The Sunday before Mr Bird died, Jeremiah McCarthy reckoned he saw Cadogan in the square, cap in hand and shouting, at a Land League meeting, where references were made to evictions on the White family estate at Glengarriff, where Cadogan had been a tenant and Bird a receiver of rents.
On the day of the incident, John O’Leary vouched that Cadogan was in Bird’s office, and the pair suddenly stopped talking when they heard him on the stairs. Mr Bird seemed angry.
Warner’s messenger boy, 19-year-old Walter Dennis, said he heard two shots from Mr Bird’s office above and saw a man come down onto the landing carrying a revolver in his right hand. That man was Cadogan. The court gasped.
However, beehive manufacturer James A Abbott used a model of the shop and office to demonstrate that it was impossible for someone standing at the shop door to see a person on the landing; and Mr McMullen, who had made a plan of the premises, reckoned the light was ‘very bad’ on the landing, making it difficult to recognise someone without going to the foot of the stairs.
Moreover, John Cronin claimed he stood opposite Mr Bird’s office for five minutes after the shots but nobody came out.
After spending a second night locked in Cork’s Imperial Hotel, the jury failed to agree upon a verdict, and the trial was postponed until winter.
When it resumed under Lord Chief Justice Peter O’Brien on December 10th, the man first arrested, Michael Hegarty, admitted attending a Land League meeting and owning a revolver but on the day of the killing it was at home. He denied exchanging angry words with Mr Bird, saying it was ‘ordinary talk’.
Attention shifted back to Timothy Cadogan.
After deliberating for 80 minutes, jury foreman Mr T Holland confirmed in a faltering voice that they found the prisoner guilty. He laid his head dejectedly on his hands.
The announcement caused hissing in the gallery.
Asked whether he had anything to say, Cadogan didn’t reply, and when told to stand he seemed astonished, dazed.
Putting on the ‘black cap’, O’Brien declared that on January 11th 1901 Cadogan would ‘be hanged by the neck until he was dead’.
Only while he was being dragged away was the prisoner’s voice heard. Turning towards the jury, his face darkened with anger as he pointed towards Dr Bird: ‘I hope I won’t be dead 12 months till I have avenged the doctor – the scoundrel, the cut-throat!’
Three days before the due date, public executioner James Billington arrived by mailboat from England with his son.
Resigned to his fate, Cadogan passed his final days reading the West Cork newspapers. But on the night of January 10th, he showed ‘considerable uneasiness’, and seizing one of his boots, tried to gash his throat with its iron tip.

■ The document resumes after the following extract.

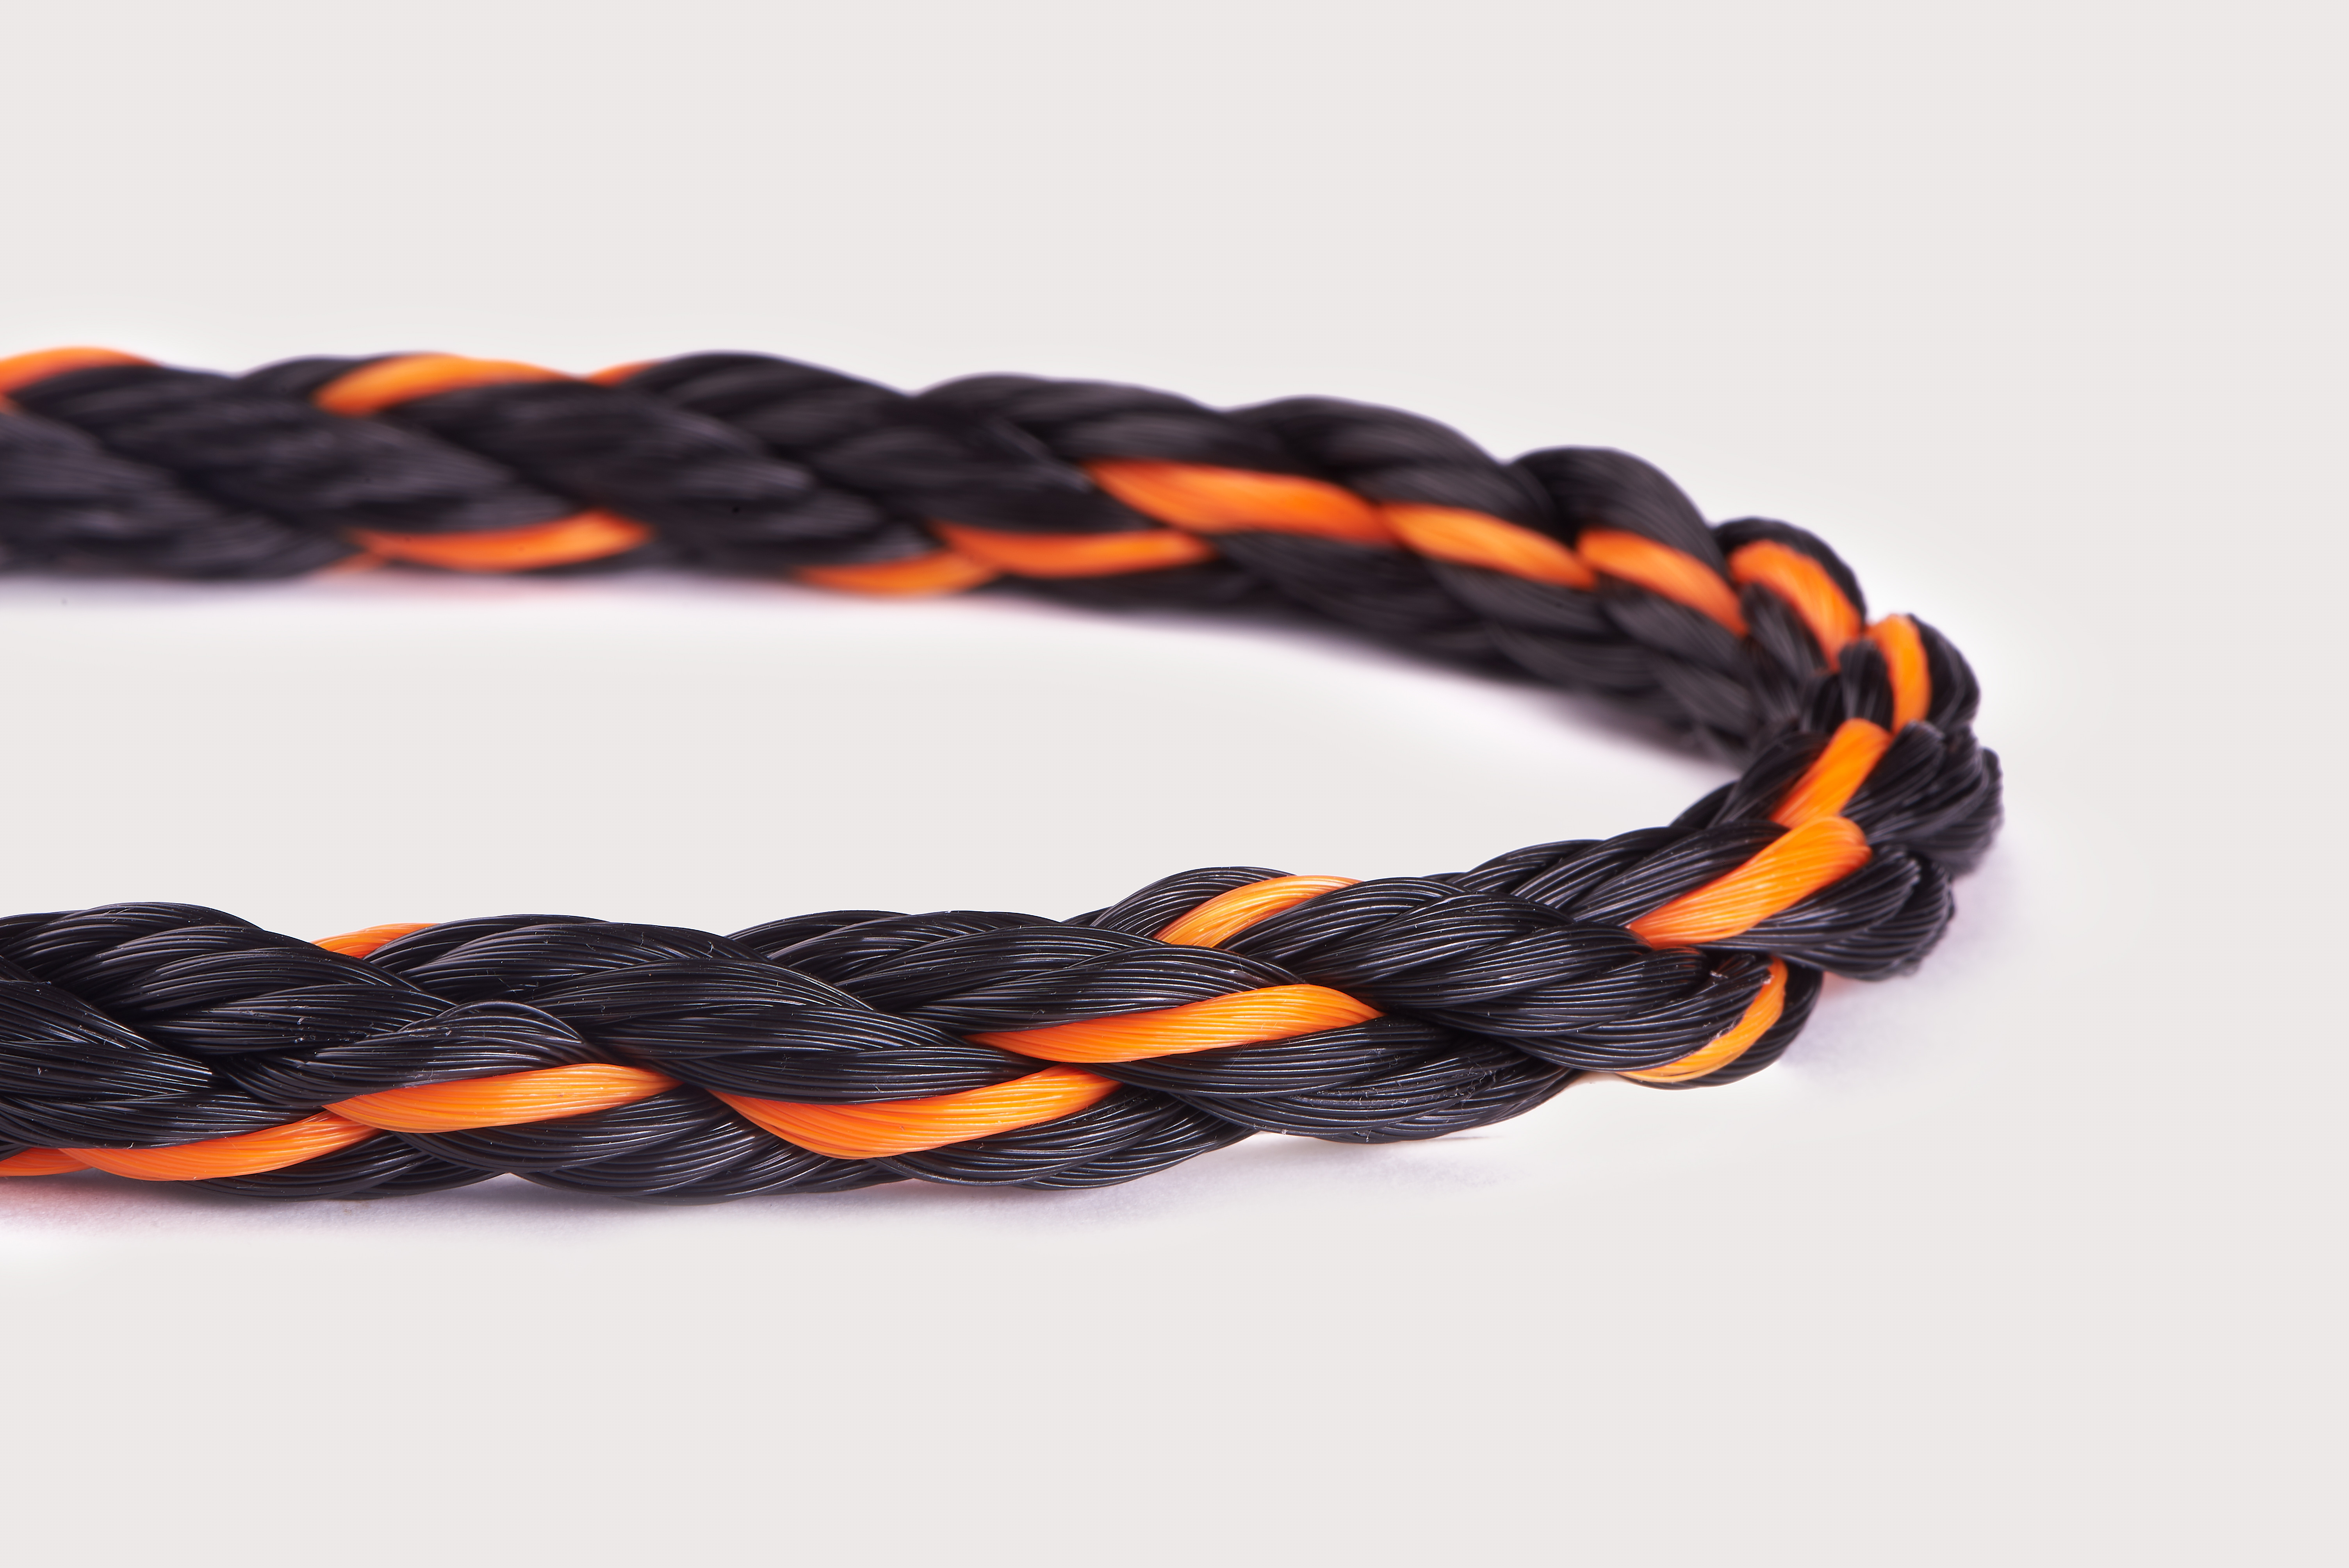 Orion-Cordage-Polylite 3-Strand Monofilament Polypropylene-Black I Orange-Curved226.jpg
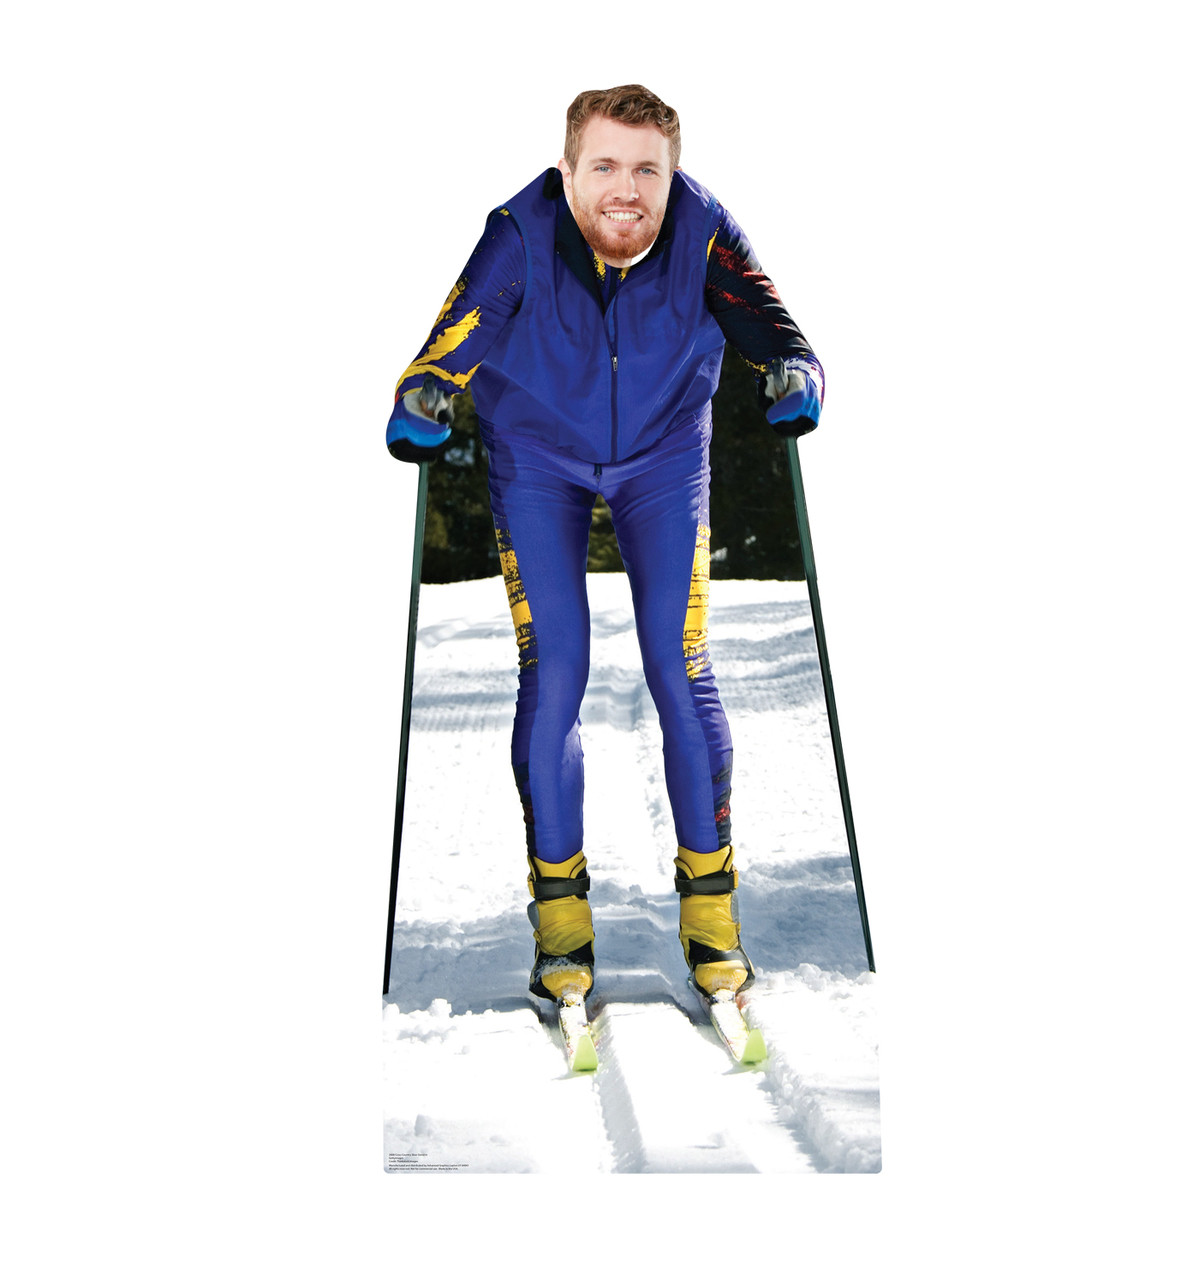 Cross Country Ski Standin Cardboard Cutout

At 6.45am, the next morning, he received Holy Communion before eating a breakfast of two eggs, bread and butter, and tea. Afterwards he left his cell and returned to the chapel to pray.
The death bell tolled as the procession trudged towards the scaffold, and the pinioning began, Billington being assisted by his son.
By a minute before 8am everything was ready. With ‘lightning rapidity’, Billington drew a white cap over Cadogan’s head, adjusted the noose and pulled the lever, opening the trap door beneath his feet. Seconds later, his lifeless body was swaying seven feet below. Instantaneous death, declared the prison surgeon.
A 200-strong crowd had assembled in the cold mist to see the black flag hoisted over the prison tower, confirming the sentence had been carried out.
It’s still unproved whether his fate was deserved.